■ WHAT YOU SHOULD DO
Only the lines below from the one with "Shea Hands &" through the one with "Corvette Lt1 Corvette" are to be written out, exactly and without any images.

■ EXTRACTED ENTRIES
========

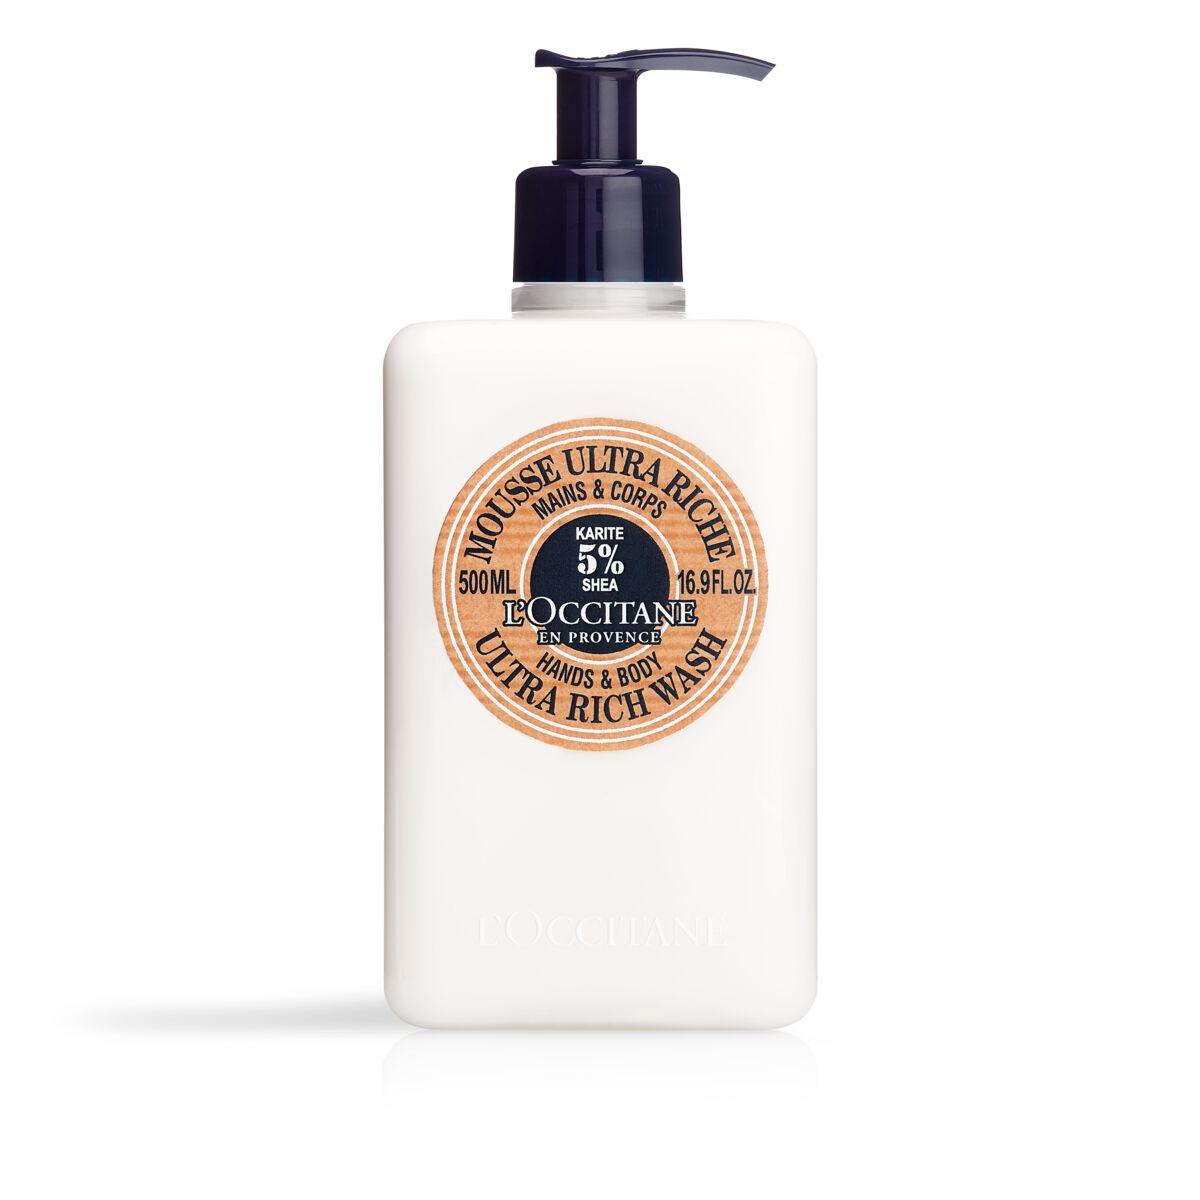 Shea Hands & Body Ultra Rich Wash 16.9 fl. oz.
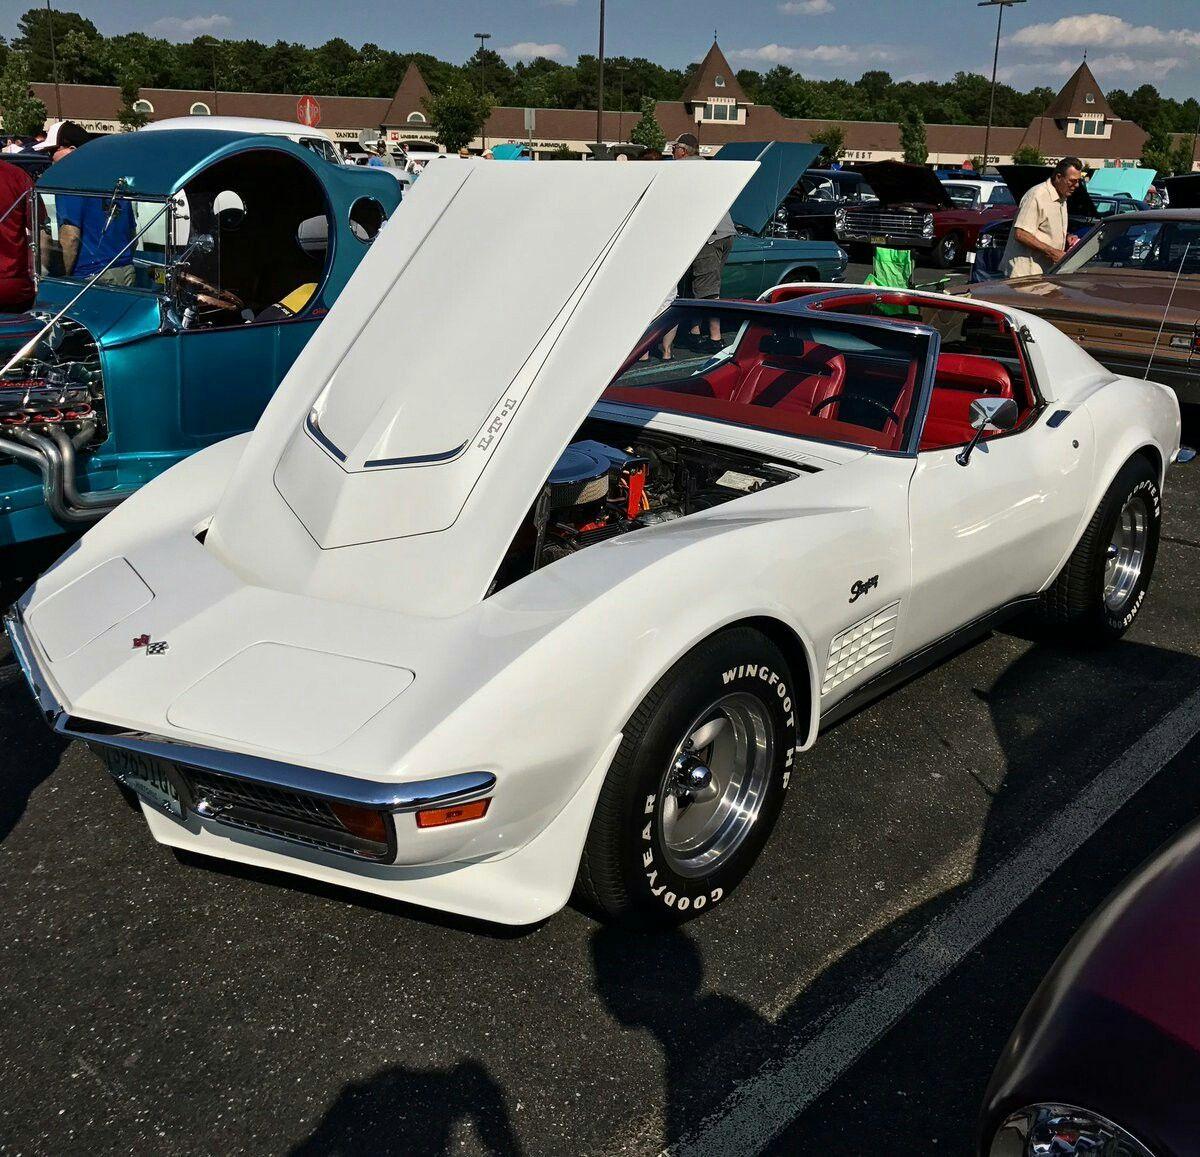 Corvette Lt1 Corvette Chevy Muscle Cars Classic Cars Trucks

========

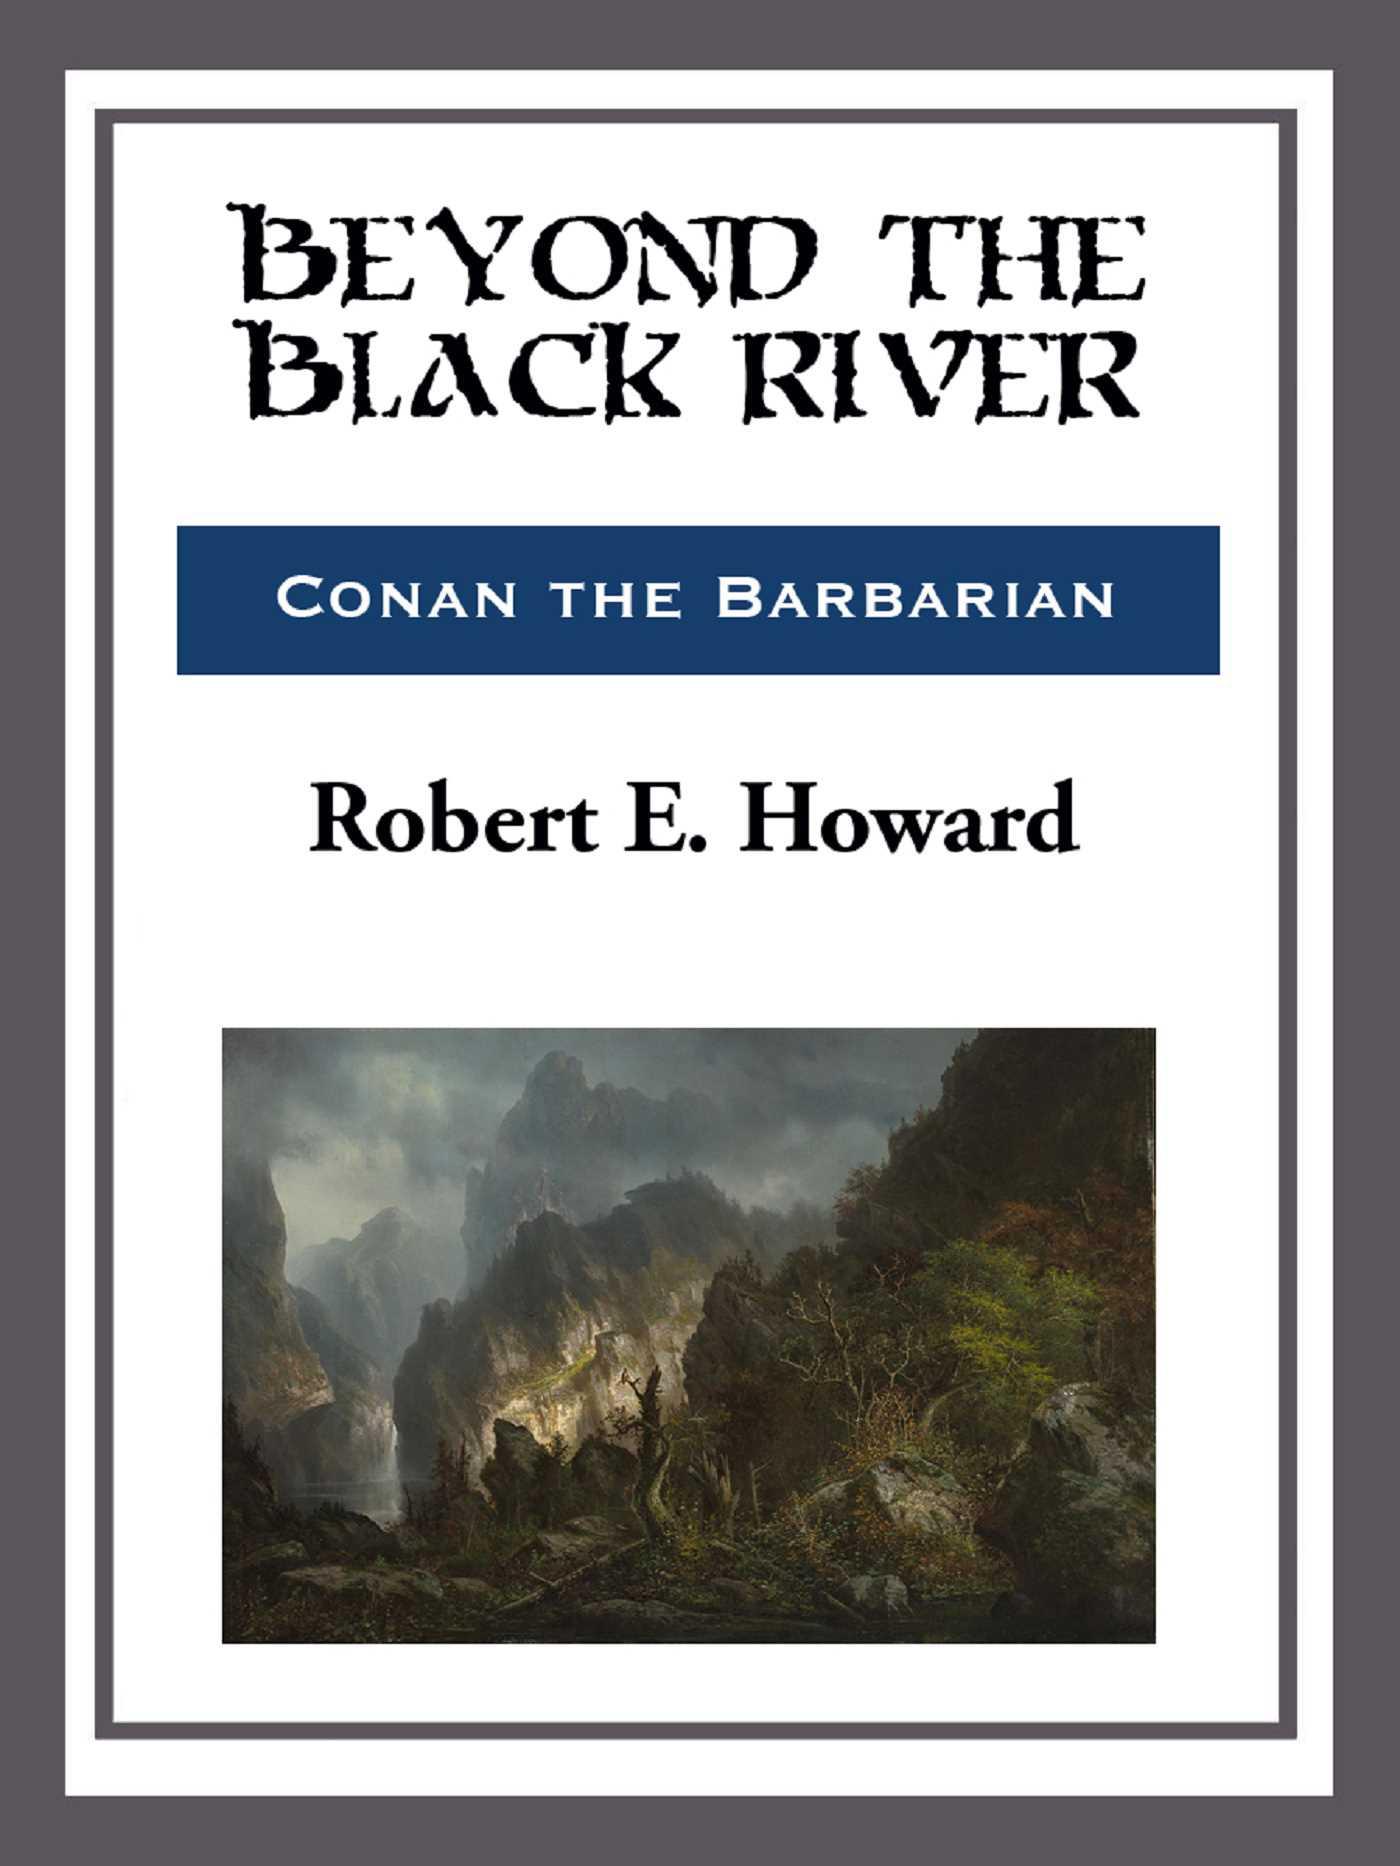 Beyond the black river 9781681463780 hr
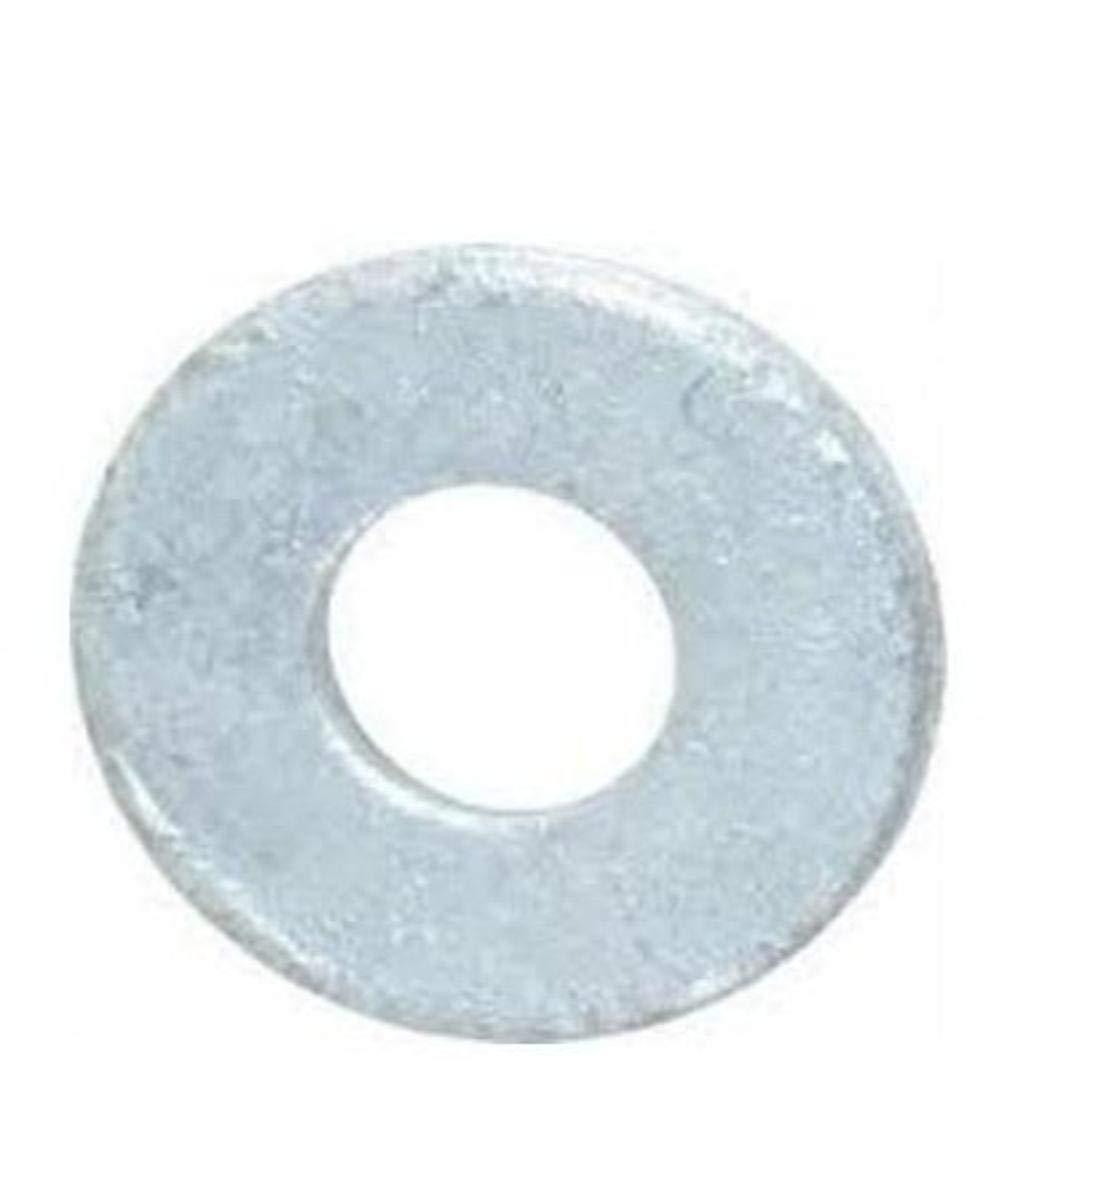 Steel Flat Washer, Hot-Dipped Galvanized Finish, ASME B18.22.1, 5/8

========

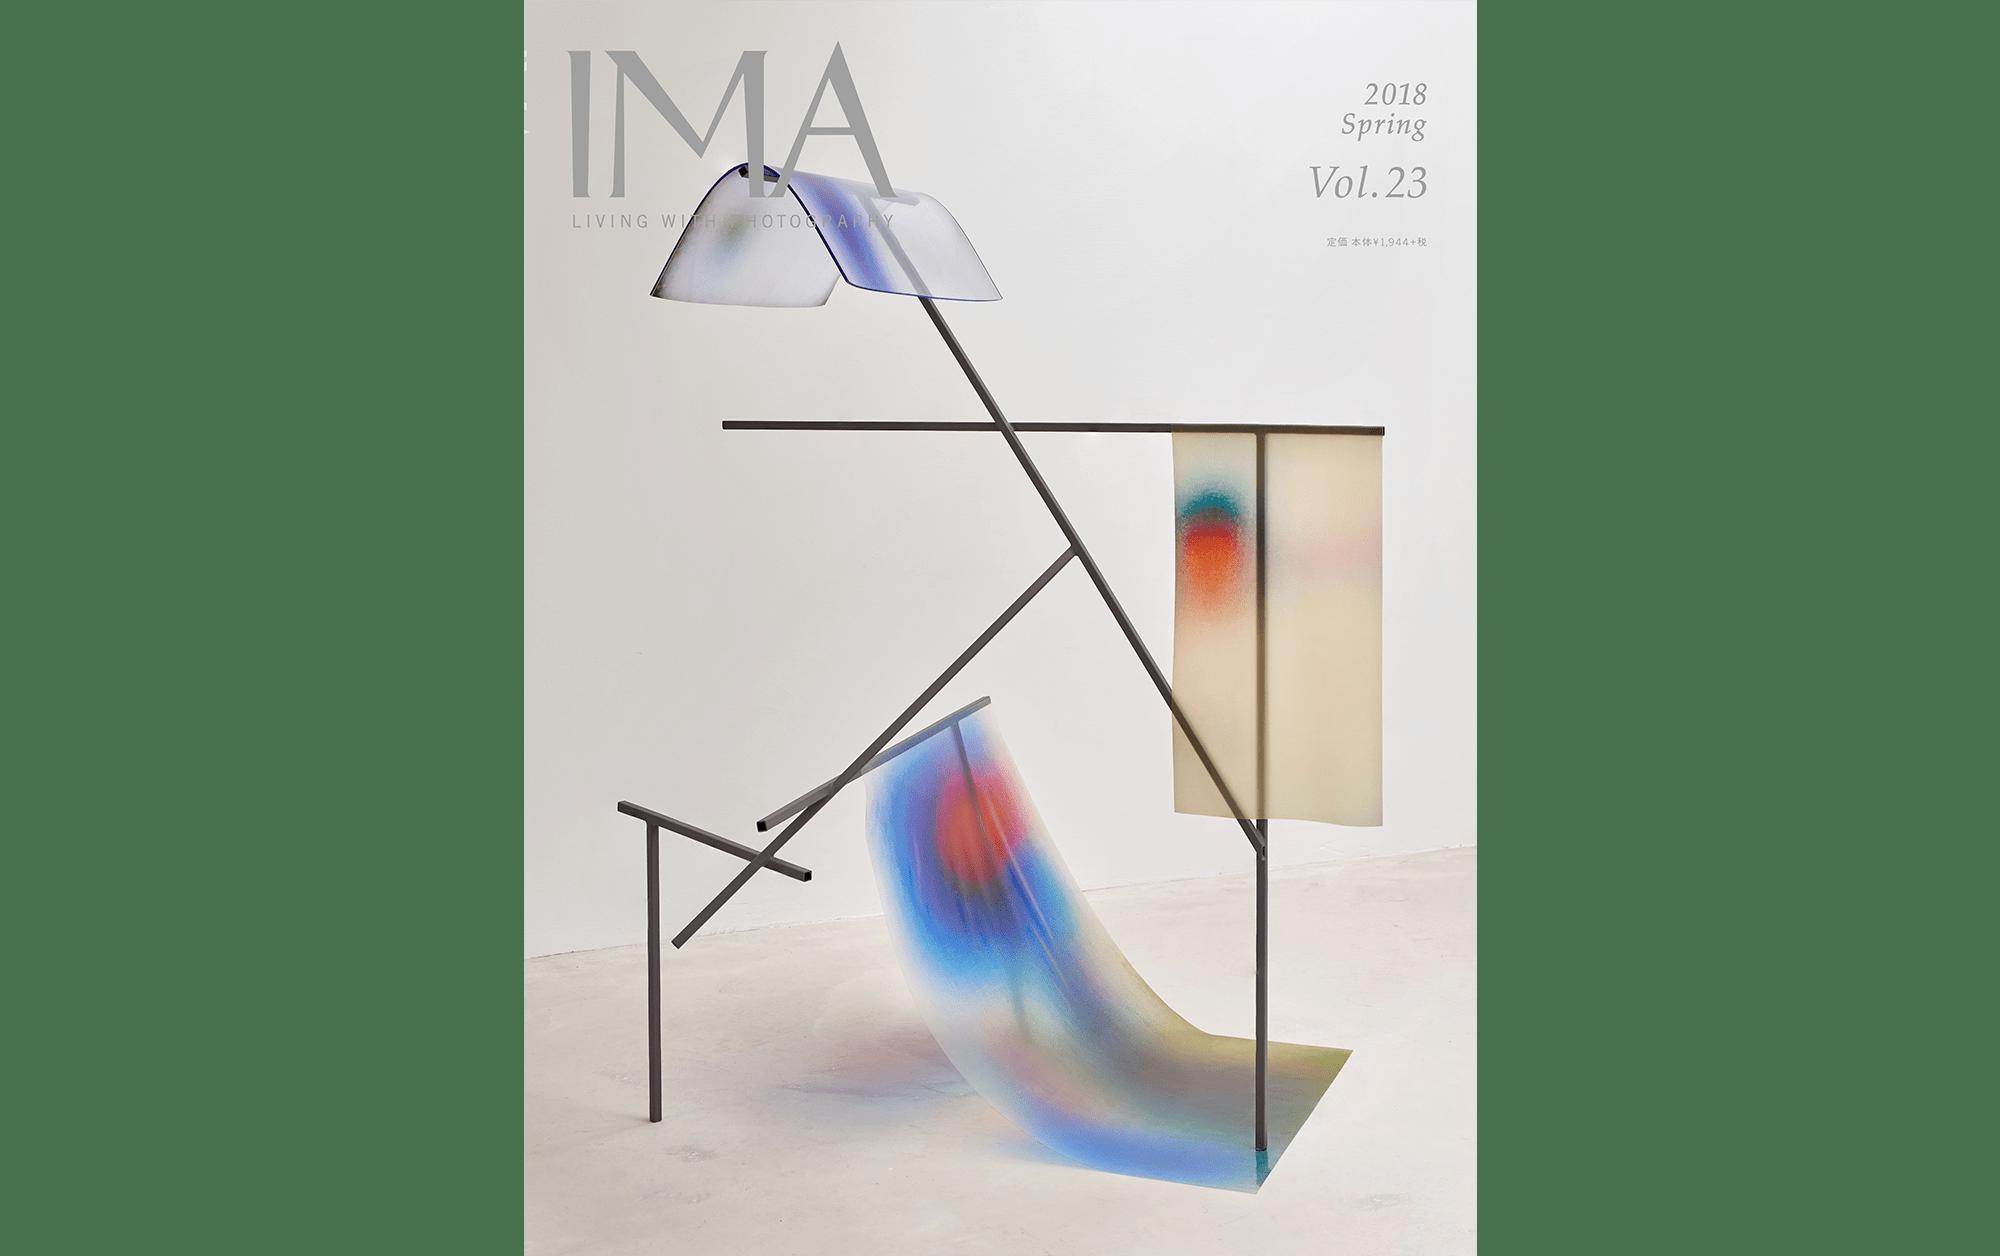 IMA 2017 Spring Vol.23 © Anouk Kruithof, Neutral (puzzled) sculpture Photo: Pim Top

========

■ RESPONSE TO THIS EXERCISE
 Shea Hands & Body Ultra Rich Wash 16.9 fl. oz.
 Corvette Lt1 Corvette Chevy Muscle Cars Classic Cars Trucks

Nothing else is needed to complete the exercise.